Equation Sampling

Equation Tree

Sampling Features

The sampling of equations allows for dynamic benchmarking of symbolic regression algorithms. It also allows generating a large training dataset for deep learning symbolic regression.

Various features of the underlying equation distribution can be customized. For example, to mimic the distribution in specific scientific fields. This customization is implemented twofold: - We can adjust equation complexity, dimension of the domain, and other attributes. - We can use prior frequency information about the occurrence of specific operators (like +, -, and *) and functions (like sine, cosine, and logarithm).

Method

In our sampling method, we distinct equation structure and equation content and sample both separately: - First, in the (1) Structure Sampling step, we sample the structure of the underlying tree. Here, complexity is adjusted, and we can use prior information about structures. - Second, in the (2) Attribute Sampling step, we sample the content of each tree node individually. Here, we can use prior information about the occurrence probabilities of specific operators and frequencies. This information can be conditioned on the parent nodes. For example, we can use prior information about the likelihood of + appearing in a sine function.

How To Use The Sampler

To use our sampler, import the functionality and call the sample function:

from equation_tree import sample

equations = sample()

This will return a list of sampled equations. You can customize the number of equations and the dimension of the input via the keyword arguments n and max_num_variables. For example to sample 100 equations with a maximum of 3 input variables, write:

equations = sample(n=100, max_num_variables=3)

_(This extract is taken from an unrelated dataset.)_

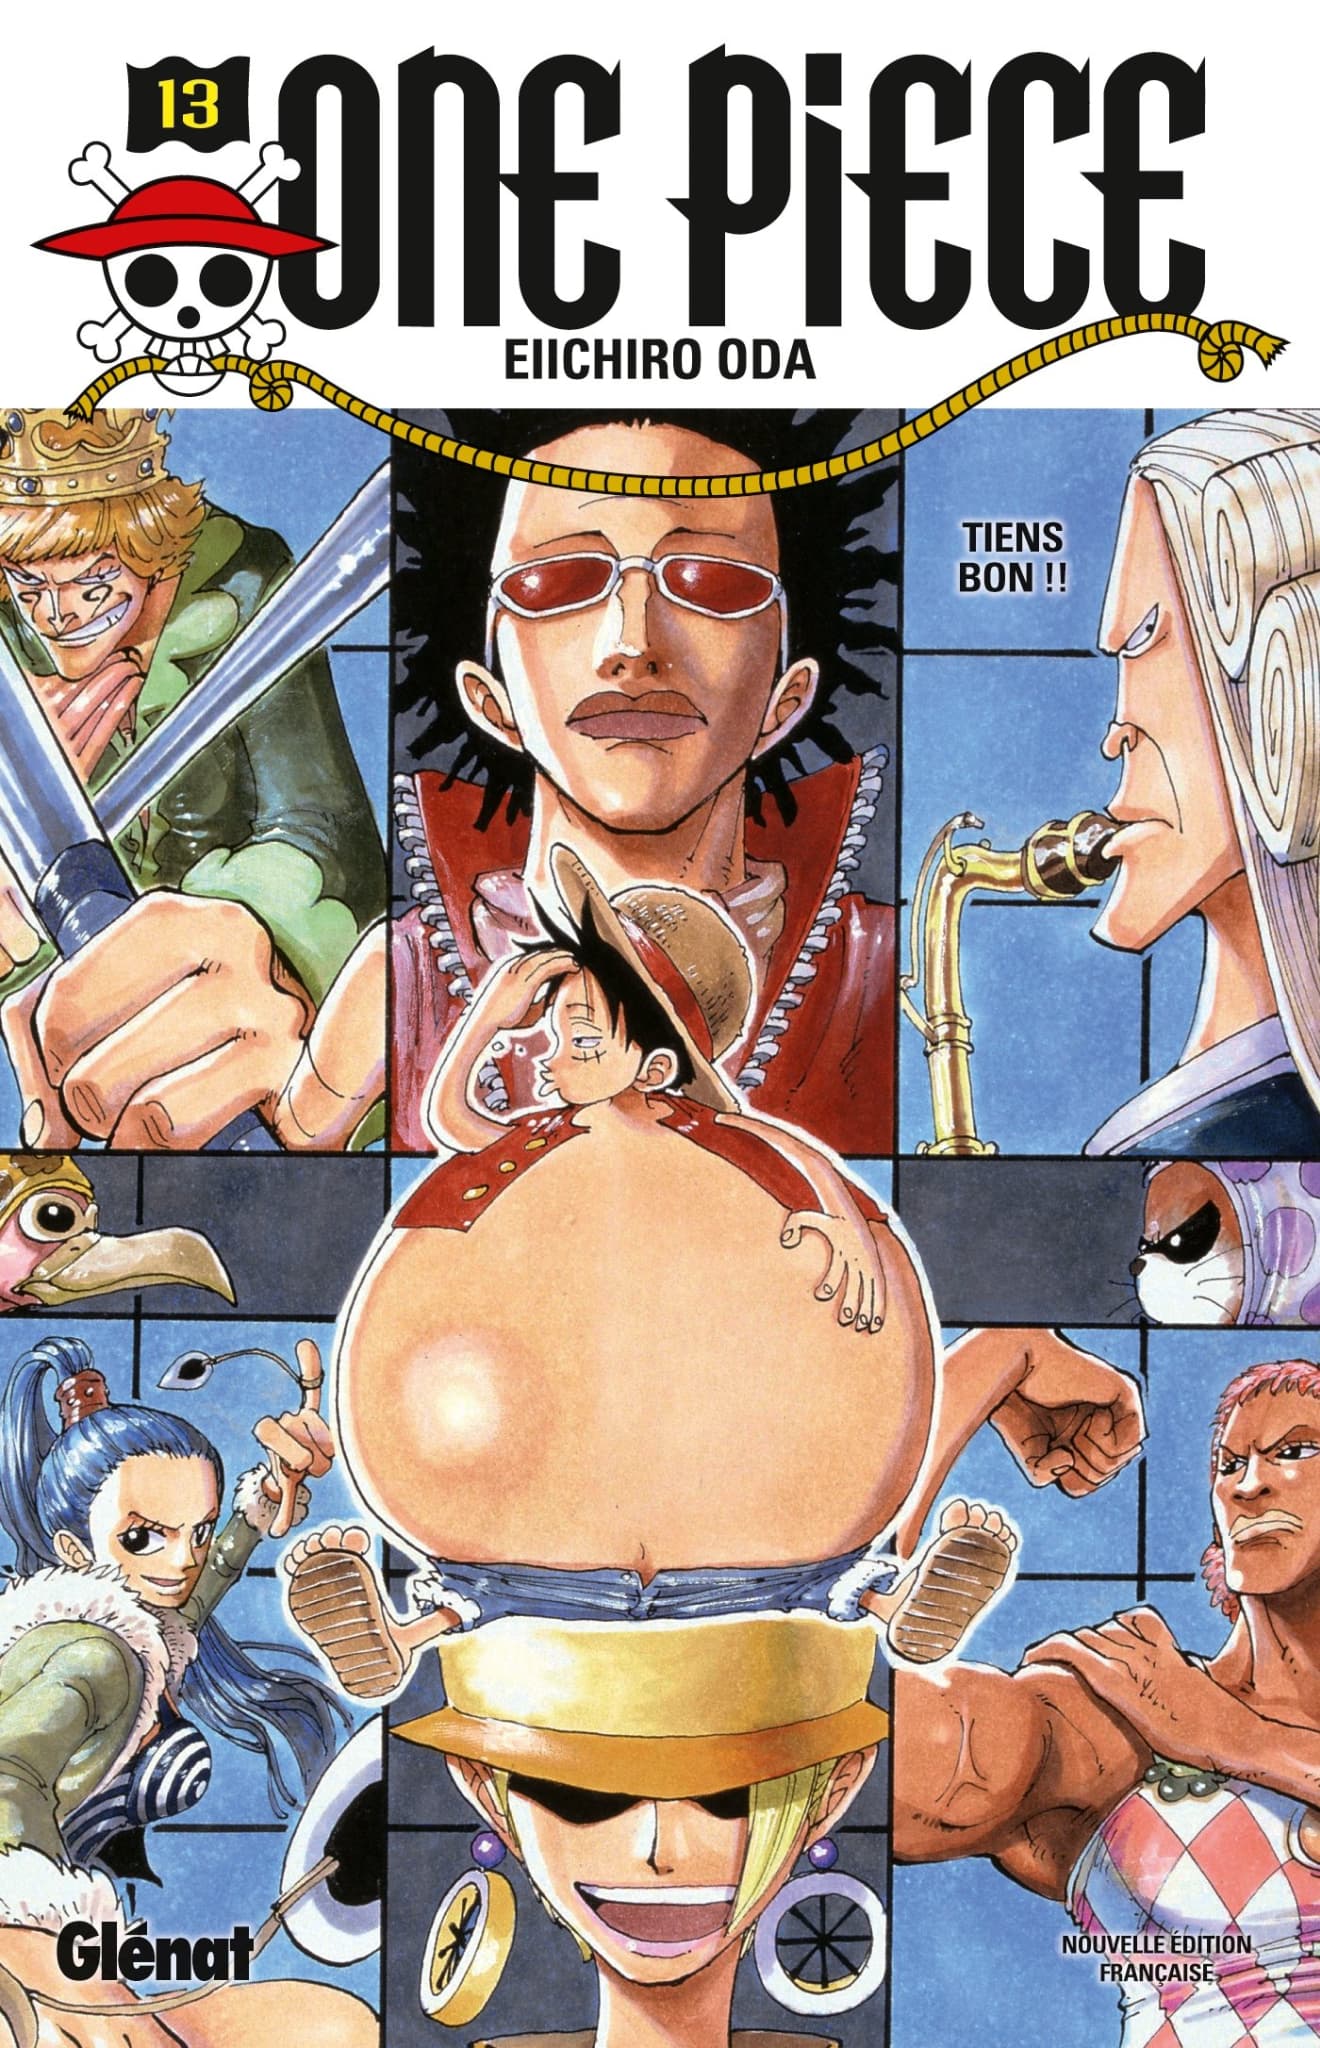 La couverture officiel du tome 106 du manga One Piece ! 
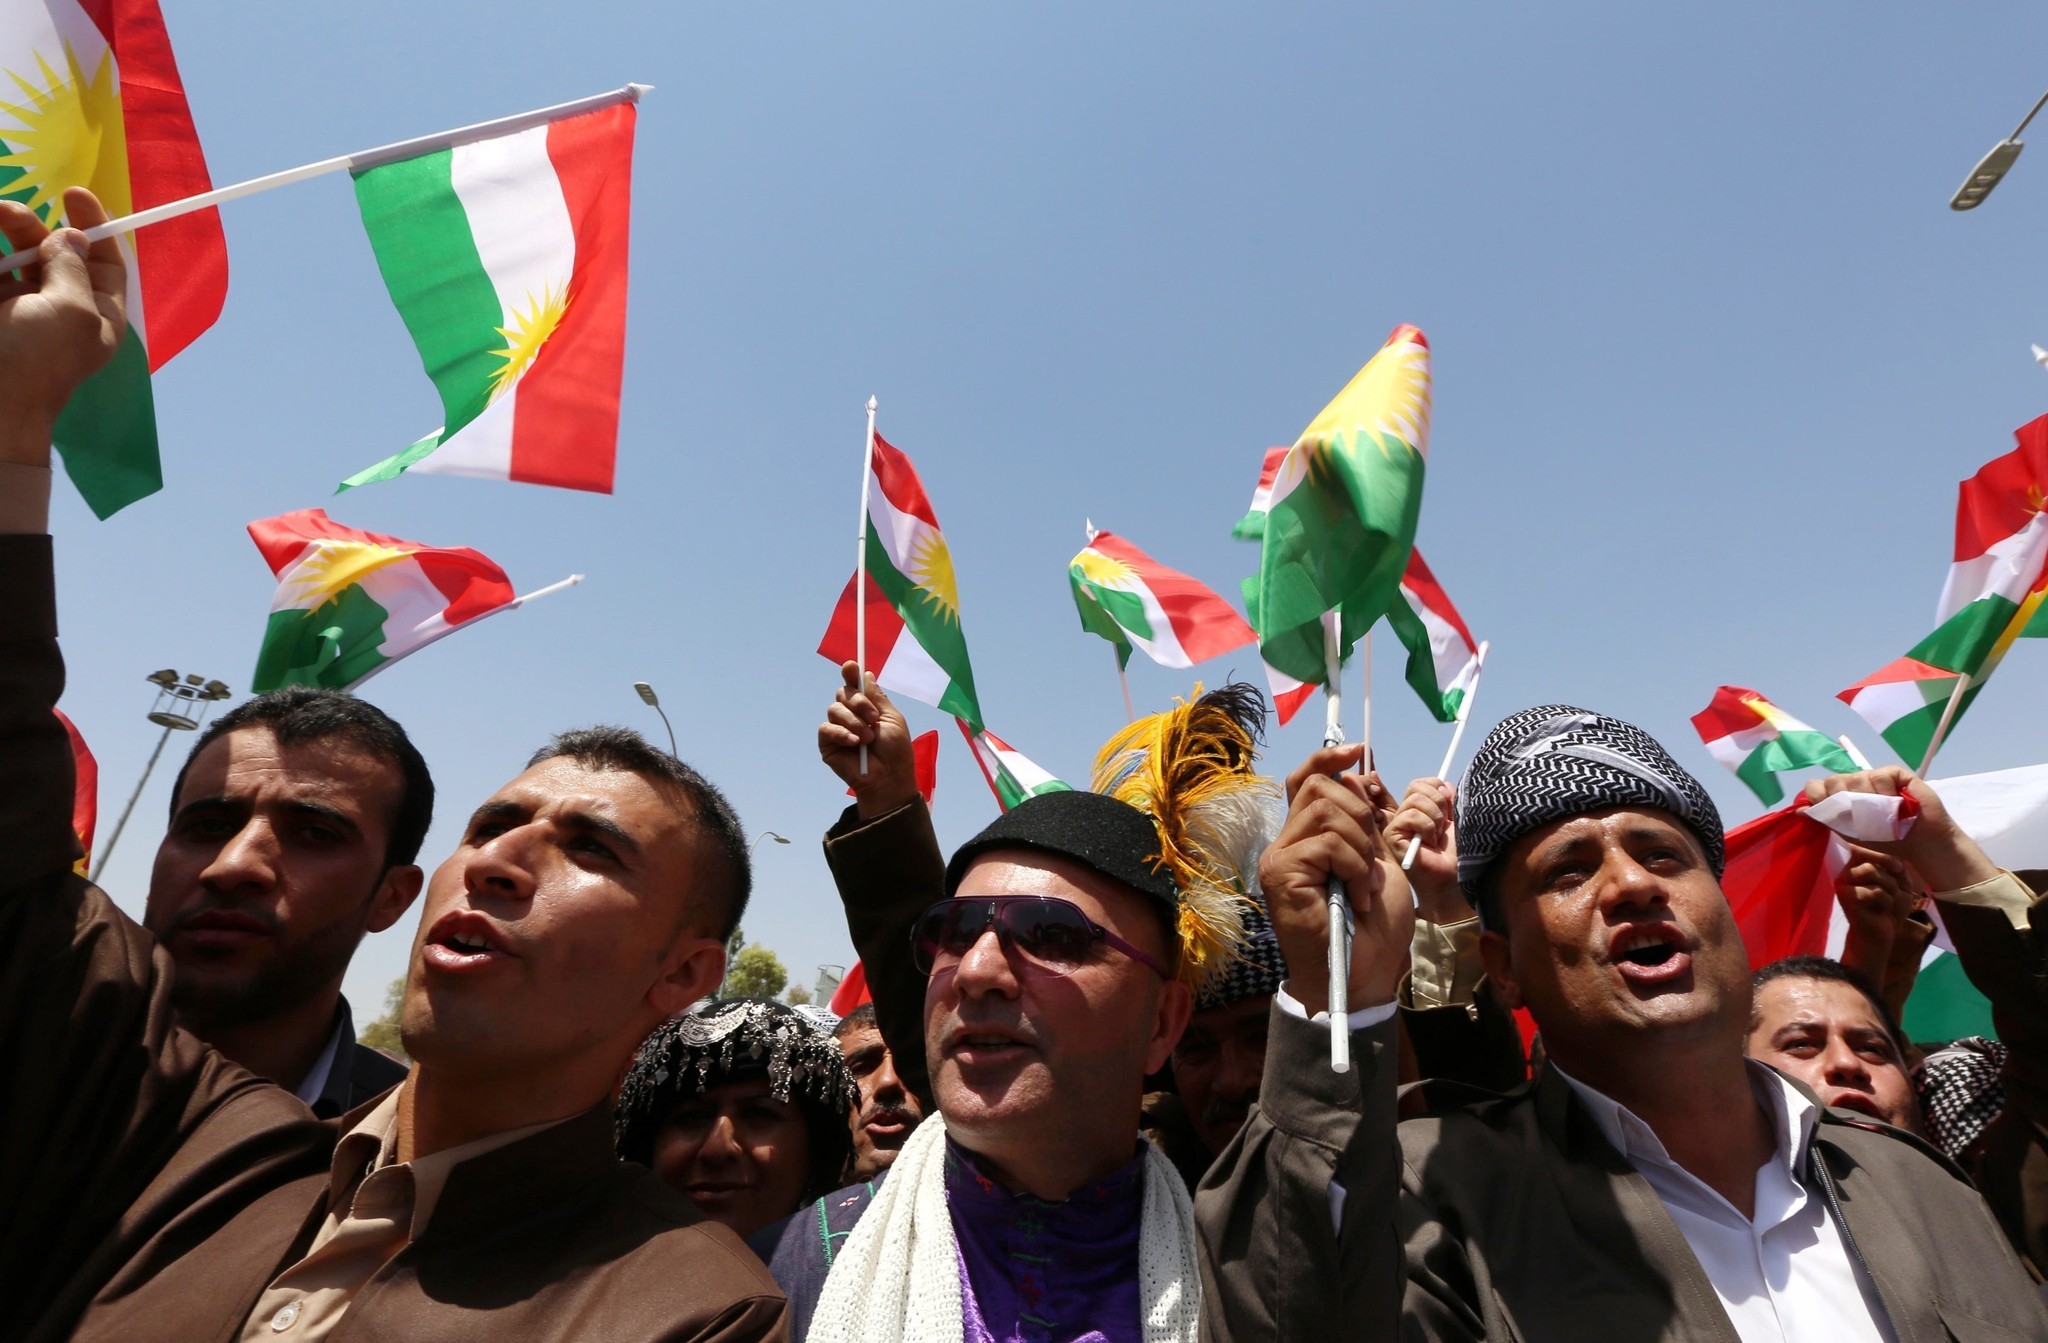 Η Ρωσία τάχθηκε κατά της ίδρυσης κράτους του Κουρδιστάν και προειδοποιεί τους Κούρδους – Το ίδιο και η Γαλλία

The most versatile way to further customize the sampling is the use of a prior. You can pass this to the sampler as a dictionary with entries for a structures prior, features, functions and operators. Here, we give an example:

prior = {
    'structures': {'[0, 1, 1]': .3, '[0, 1, 2]': .3, '[0, 1, 2, 3]': .4},
    'features': {'constants': .2, 'variables': .8},
    'functions': {'sin': .5, 'cos': .5},
    'operators': {'+': 1., '-': .0},
}

# To use the prior use the keyword argument `prior`
equations = sample(prior=prior)

You can also include conditionals. These influence the likelihood of a specific attribute being sampled given its parent node. For example, how likely does a - occur in a sine function:

prior = {
    'structures': {'[0, 1, 1]': .3, '[0, 1, 2]': .3, '[0, 1, 2, 3]': .4},
    'features': {'constants': .2, 'variables': .8},
    'functions': {'sin': .5, 'cos': .5},
    'operators': {'+': 1., '-': .0},
        'function_conditionals': {
            'sin': {
                'features': {'constants': 0., 'variables': 1.},
                'functions': {'sin': 0., 'cos': 1.},
                'operators': {'+': 0., '-': 1.}
            },
            'cos': {
                'features': {'constants': 0., 'variables': 1.},
                'functions': {'cos': 1., 'sin': 0.},
                'operators': {'+': 0., '-': 1.}
            }
    },
        'operator_conditionals': {
            '+': {
                'features': {'constants': .5, 'variables': .5},
                'functions': {'sin': 1., 'cos': 0.},
                'operators': {'+': 1., '-': 0.}
            },
            '-': {
                'features': {'constants': .3, 'variables': .7},
                'functions': {'cos': .5, 'sin': .5},
                'operators': {'+': .9, '-': .1}
            }
    },
}

Possible Attributes

Here, we present which attributes are supported natively.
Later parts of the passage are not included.